Palavras-chave: Práticas Inovadoras; Interdisciplinaridade; Metodologias Ativas; Educação Básica; Pesquisa Bibliográfica.

ABSTRACT
This study investigates innovative pedagogical practices within the context of Basic Education, establishing a critical analysis of interdisciplinarity as a fundamental axis for the integration of knowledge. The main objective of this research is to examine how the implementation of active methodologies—such as Problem-Based Learning (PBL) and the Flipped Classroom—contributes to breaking away from fragmented teaching, thereby stimulating student agency. The adopted methodology is characterized as a qualitative and exploratory bibliographic research, grounded in the survey of theoretical frameworks and current educational guidelines. Throughout the investigation, it is argued that pedagogical innovation is not restricted to the use of digital technologies but lies in the teacher's ability to mediate knowledge transversally. The results indicate that an interdisciplinary approach, when combined with active strategies, favors content retention and the development of socio-emotional skills. It is concluded, therefore, that the transition from the traditional model to dynamic practices is a necessary challenge for building contemporary education that dialogues with the complexities of today's society, requiring continuous teacher training and curricular flexibility.
Keywords: Innovative Practices; Interdisciplinarity; Active Methodologies; Basic Education; Bibliographic Research.

1. INTRODUÇÃO

O cenário educacional contemporâneo atravessa um período de intensas transformações, impulsionadas pela velocidade da informação e pelas novas demandas da sociedade do conhecimento. Diante desse panorama, a Educação Básica enfrenta o desafio de superar modelos pedagógicos que já não atendem plenamente às necessidades de estudantes inseridos em um mundo hiperconectado e complexo.

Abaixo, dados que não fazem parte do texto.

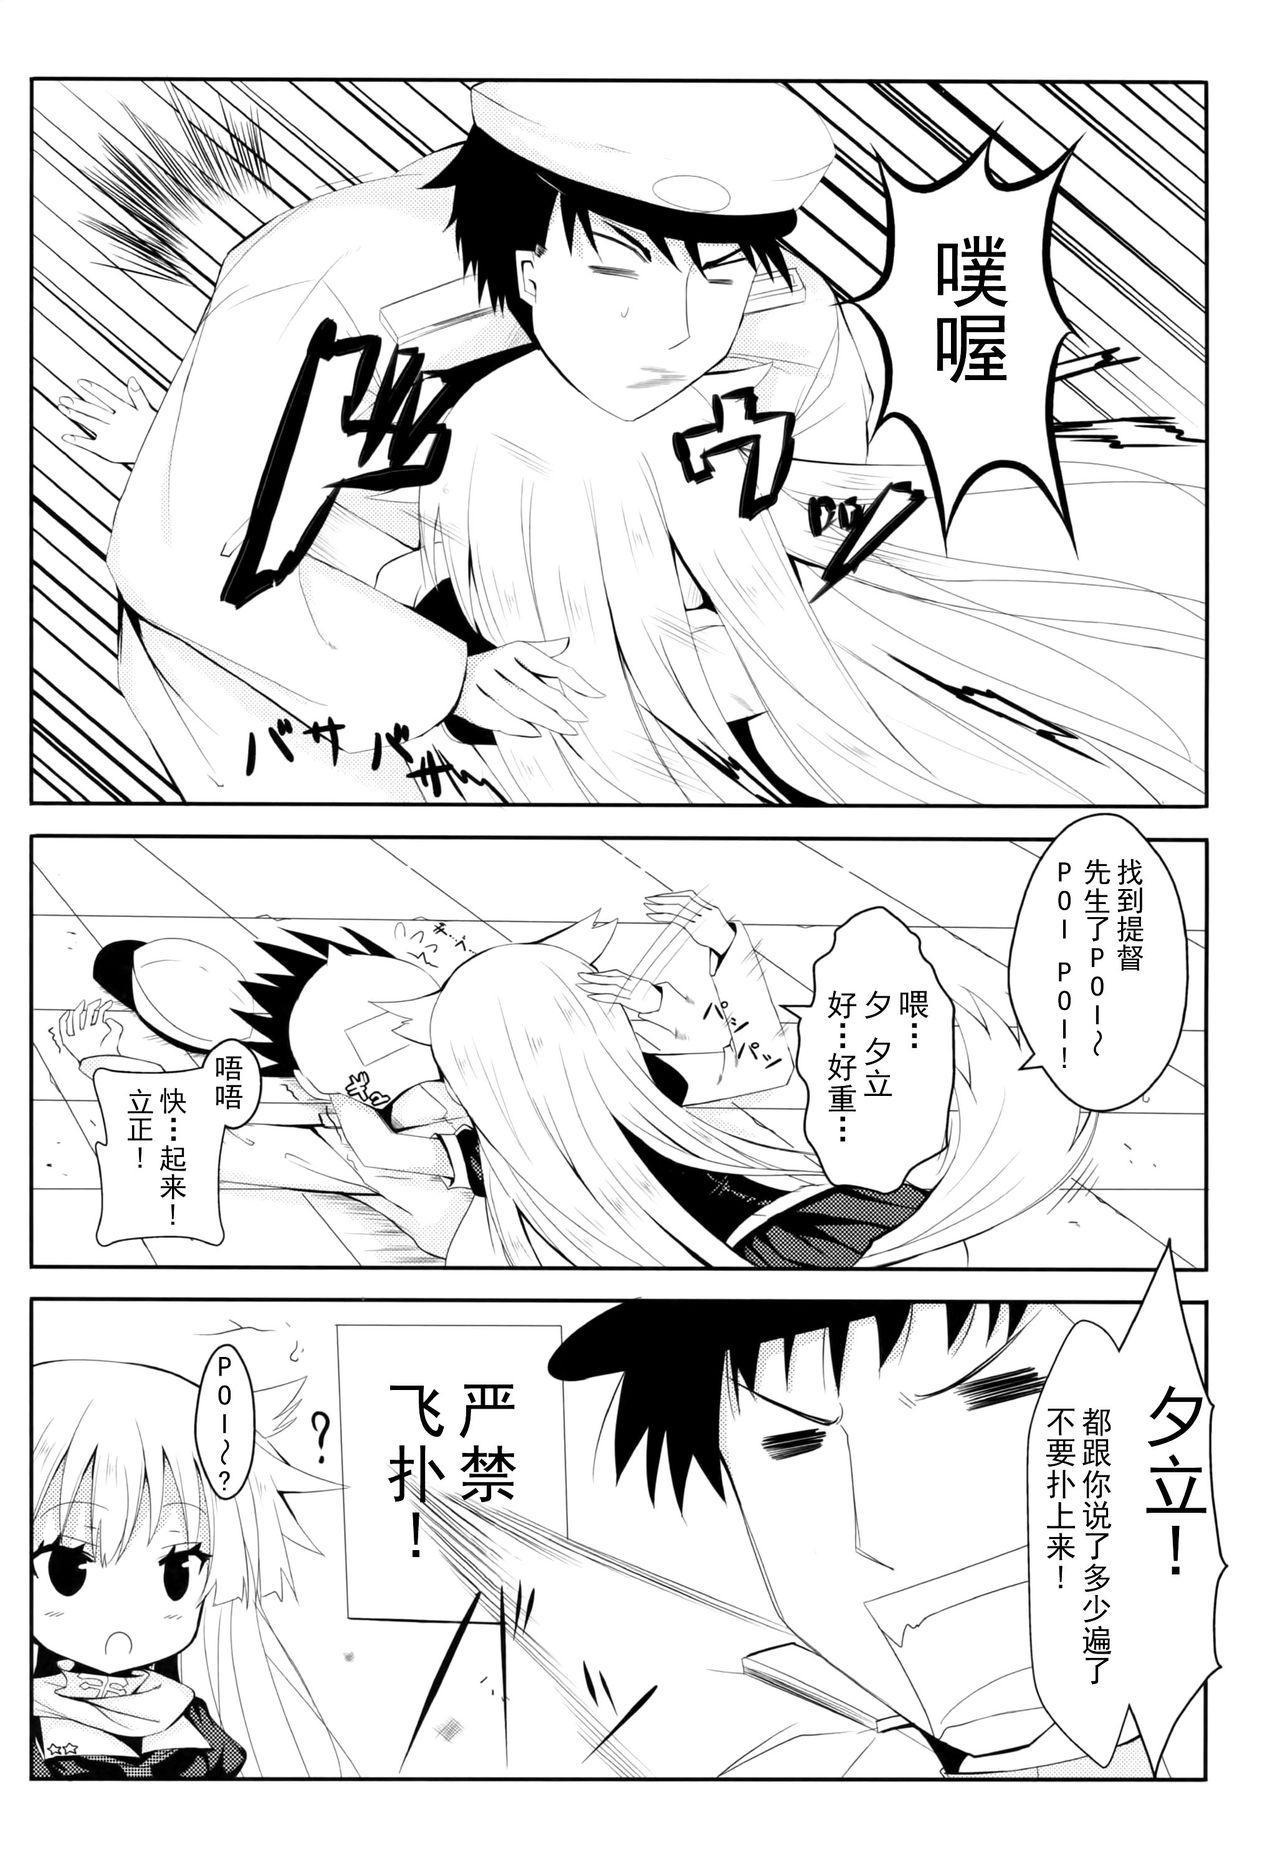 Yuudachi Skinship 3

Historicamente, o ensino brasileiro consolidou-se sob uma estrutura fragmentada, onde os conteúdos são distribuídos em "caixas" disciplinares isoladas. Essa compartimentação do saber, herdada do modelo industrial, dificulta que o aluno compreenda a realidade de forma sistêmica, tornando o aprendizado, muitas vezes, mecânico e descontextualizado da vida prática.

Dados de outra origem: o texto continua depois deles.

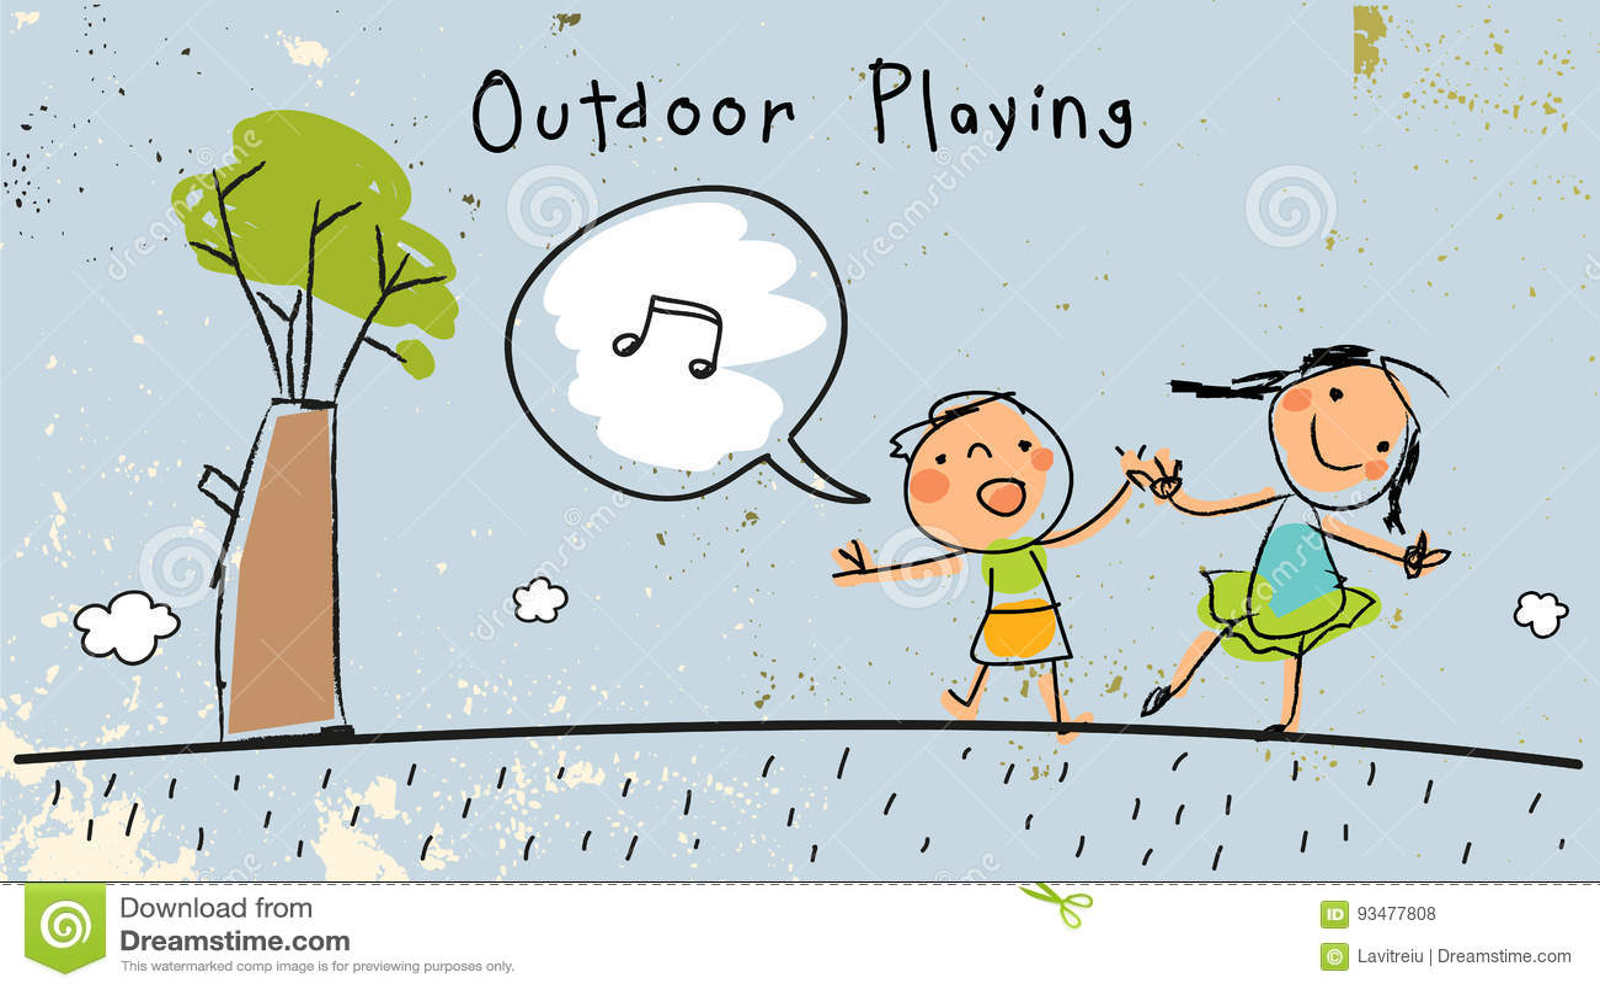 Children playing outdoors, singing.

Nesse contexto, as práticas pedagógicas inovadoras surgem não como um luxo tecnológico, mas como uma necessidade pedagógica urgente. Inovar, no campo educativo, significa repensar a relação entre quem ensina e quem aprende, buscando estratégias que transformem a sala de aula em um espaço de experimentação, reflexão crítica e construção coletiva de saberes.

A interdisciplinaridade apresenta-se como um dos pilares dessa renovação. Ela não propõe a eliminação das disciplinas, mas sim o estabelecimento de pontes entre elas. Ao integrar diferentes áreas, permite-se que um tema transversal — como a sustentabilidade ou a ética — seja analisado sob múltiplas lentes, enriquecendo a percepção do estudante sobre o objeto de estudo.

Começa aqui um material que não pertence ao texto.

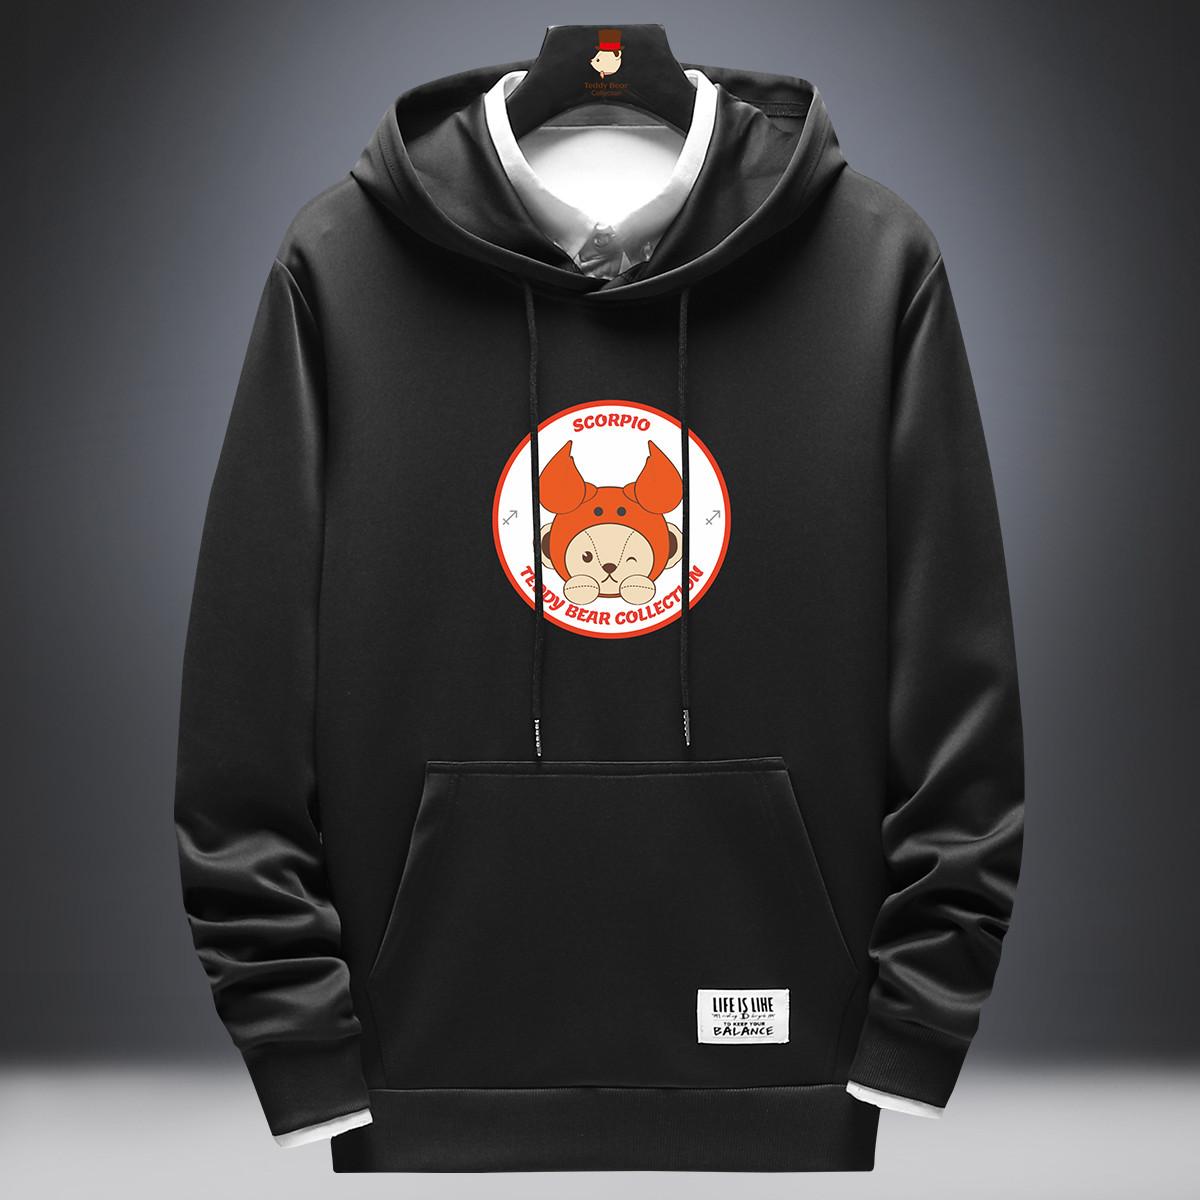 Teddy Bear Collection 泰迪星座系列 天蝎座卡通印花卫衣  青少年宽松潮流运动卫衣男

No entanto, a teoria interdisciplinar necessita de ferramentas práticas para se materializar no cotidiano escolar. É aqui que as metodologias ativas ganham protagonismo. Elas se definem como estratégias de ensino que colocam o estudante no centro do processo de aprendizagem, deslocando o professor da posição de único detentor do saber para a função de mediador e facilitador.

Estratégias como a Aprendizagem Baseada em Problemas (PBL), a Gamificação e a Sala de Aula Invertida oferecem o dinamismo necessário para que a interdisciplinaridade ocorra de fato. Ao resolver um problema real, o aluno naturalmente mobiliza conhecimentos de matemática, língua portuguesa, ciências e história, percebendo a utilidade prática do que está sendo estudado.

A relevância deste tema justifica-se pela crescente necessidade de desenvolver nos alunos as chamadas "competências do século XXI". Além do conteúdo cognitivo, a escola precisa fomentar habilidades socioemocionais, como o pensamento crítico, a colaboração, a comunicação e a capacidade de resolver problemas complexos de forma criativa.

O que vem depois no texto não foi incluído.